Making visiting nurses more cost-effective

Standards can be created, and you can claim to adhere to them, and you may in fact adhere to them. But will things work together as they should when a patient or family member wants to connect with the rest of the Web? Those are the questions agencies need to be asking of vendors and prospects.
Written by Dana Blankenhorn, Inactive

Home health care is growing fast. It's cheaper than a nursing home, it's more personal, more people are growing older, and sick people find it more satisfying.

But the back-office requirements can be hell. Management software for such services represent a big industry. But when you're selling to providers, as HealthCareFirst is, you concentrate first on things like billing and coding, the parts of the software that make money for your customer.

Will Hicklin doesn't look at it that way. He looks at it, instead, from the point of the view of the patient, and the patient's family. That's because his late wife Sandy, who passed away in January, 2008 was on that end of the market, and thus so was he.

The result is a start-up called Ankota, which is delivering what it calls a three-tier solution of resource optimization, paperless reporting and care management.  He claims he can save providers $1,000 per employee per month. The software was shown at an industry conference in Boston this week.

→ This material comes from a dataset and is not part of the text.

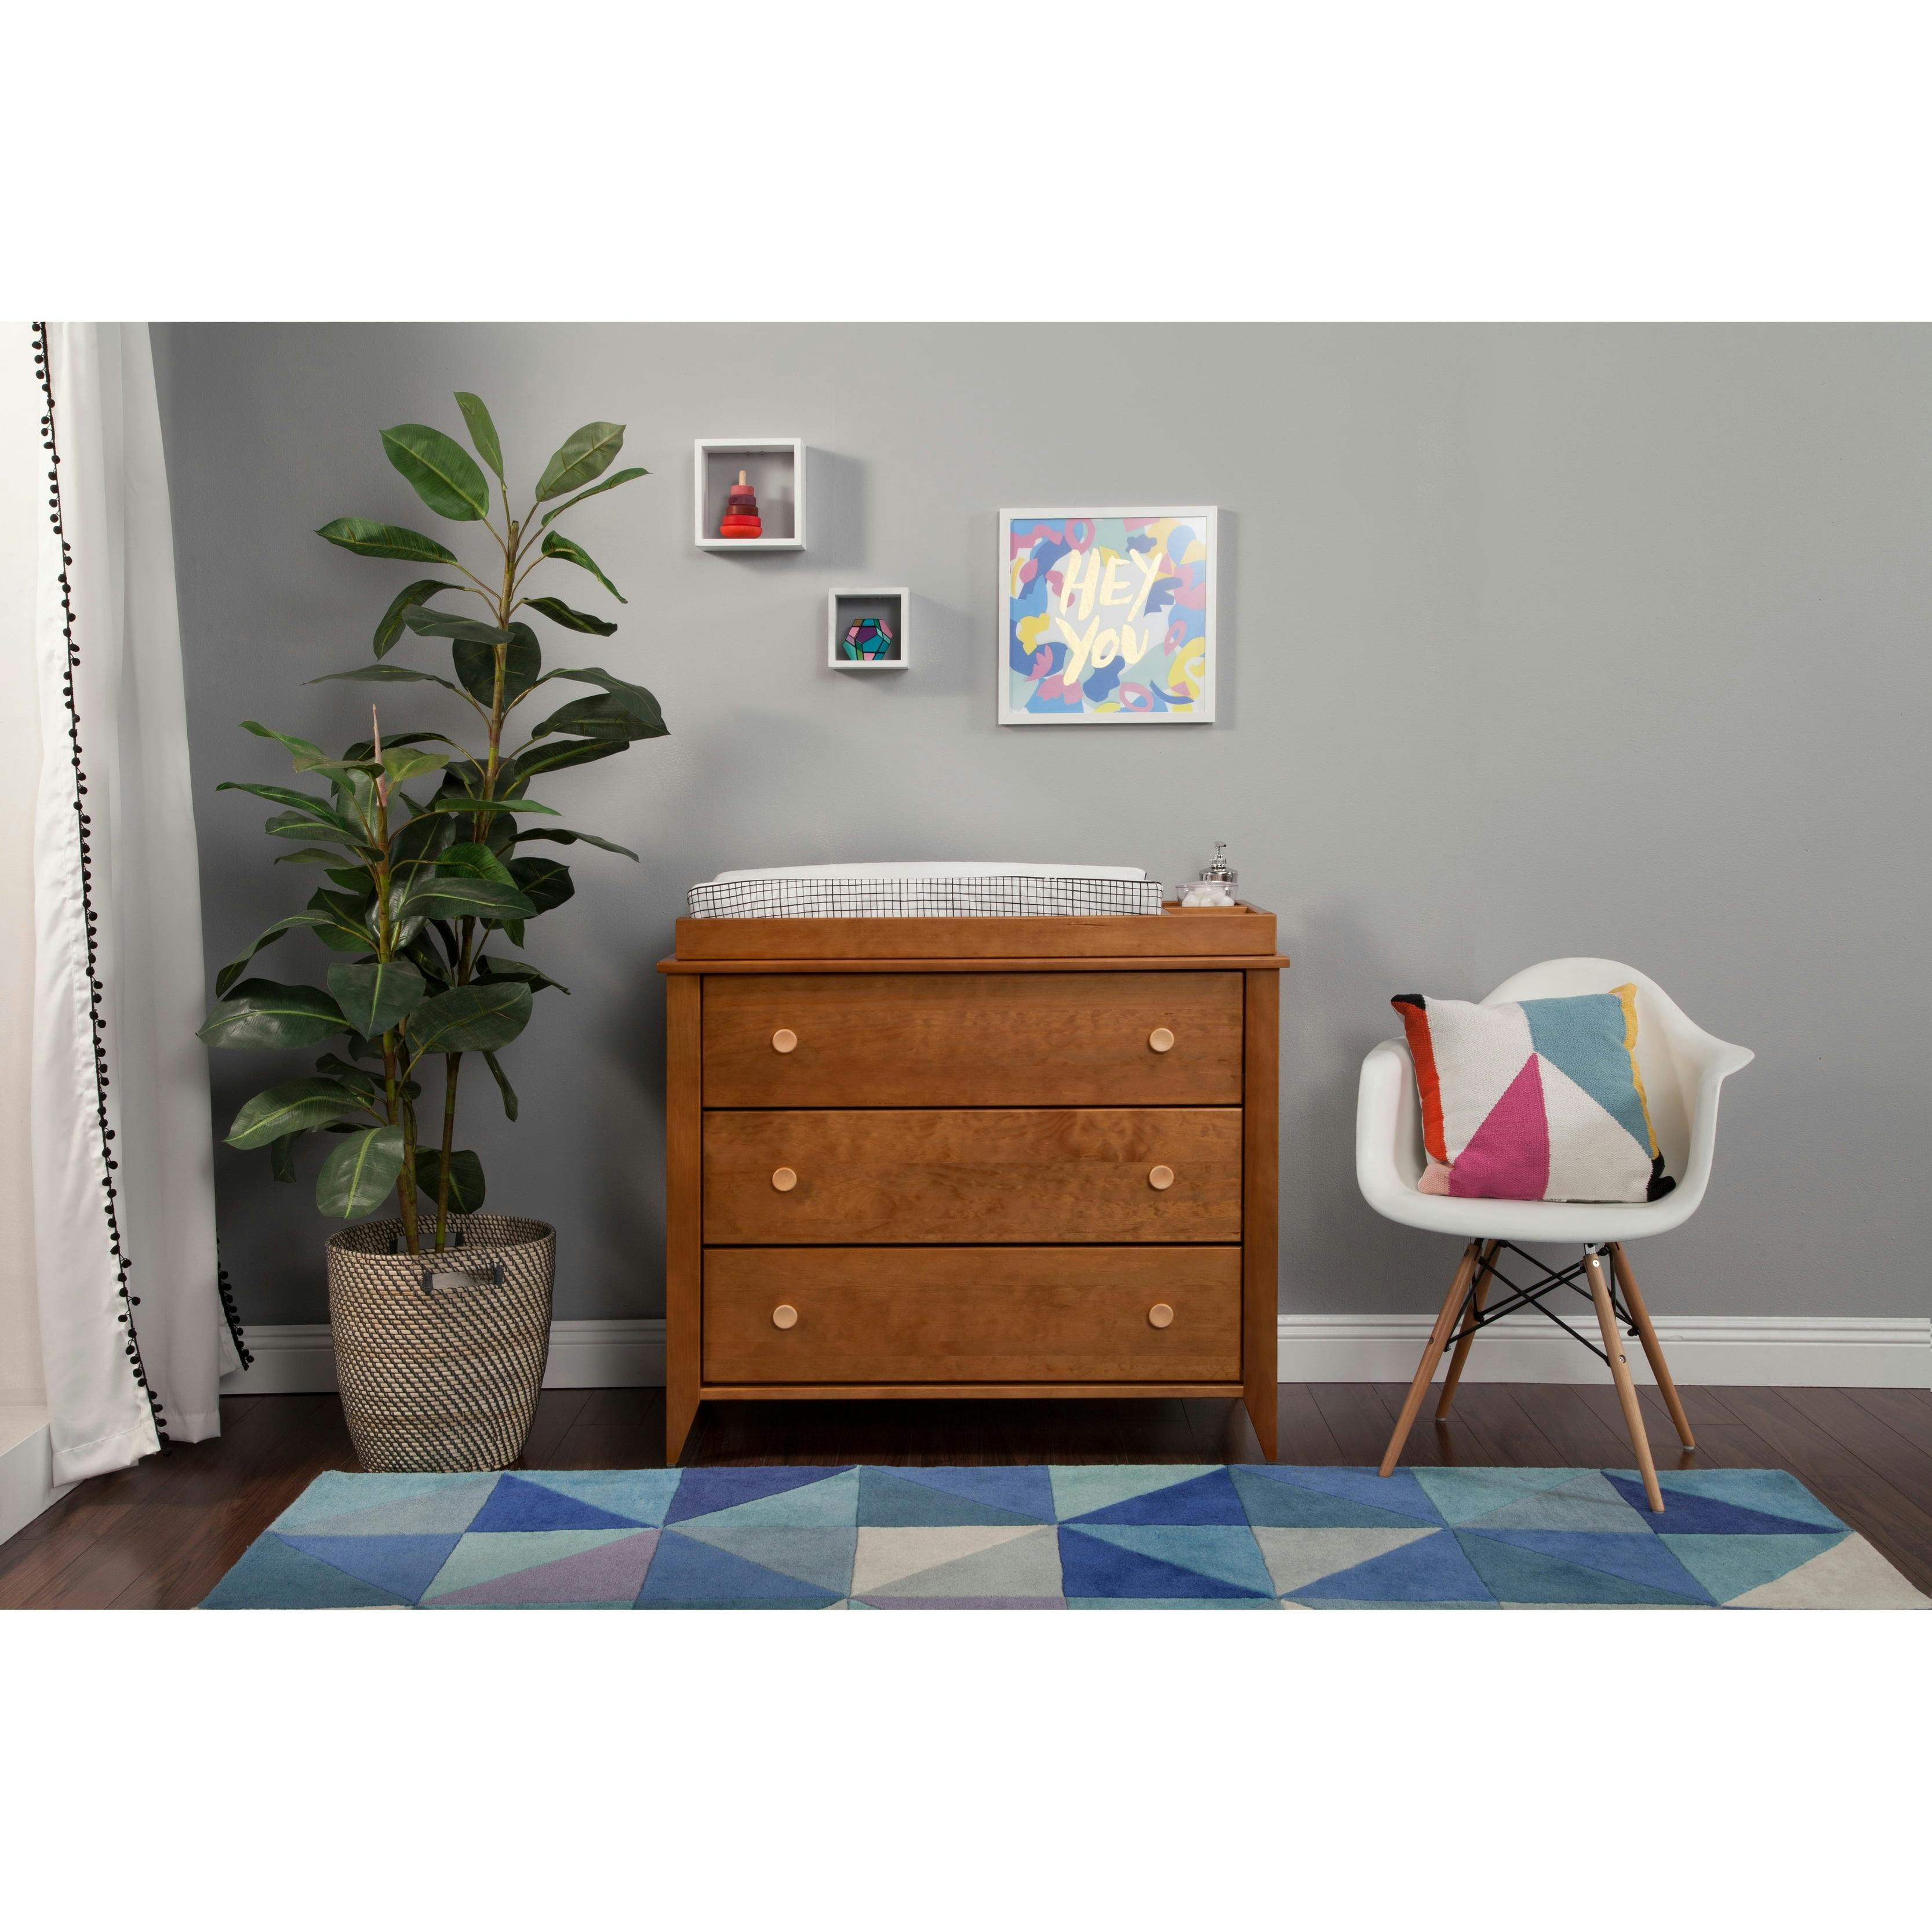 Sprout Chestnut and Natural 3-Drawer Changer Dresser

Sounds good. But integration is the question that must be asked. Integration with hospital systems, with payment networks, and with Personal Health Record (PHR) systems like Google Health and Microsoft HealthVault.

Standards can be created, and you can claim to adhere to them, and you may in fact adhere to them. But will things work together as they should when a patient or family member wants to connect with the rest of the Web?

Those are the questions agencies need to be asking of vendors and prospects. Not just what's in it for me, but what's in it for the people I serve.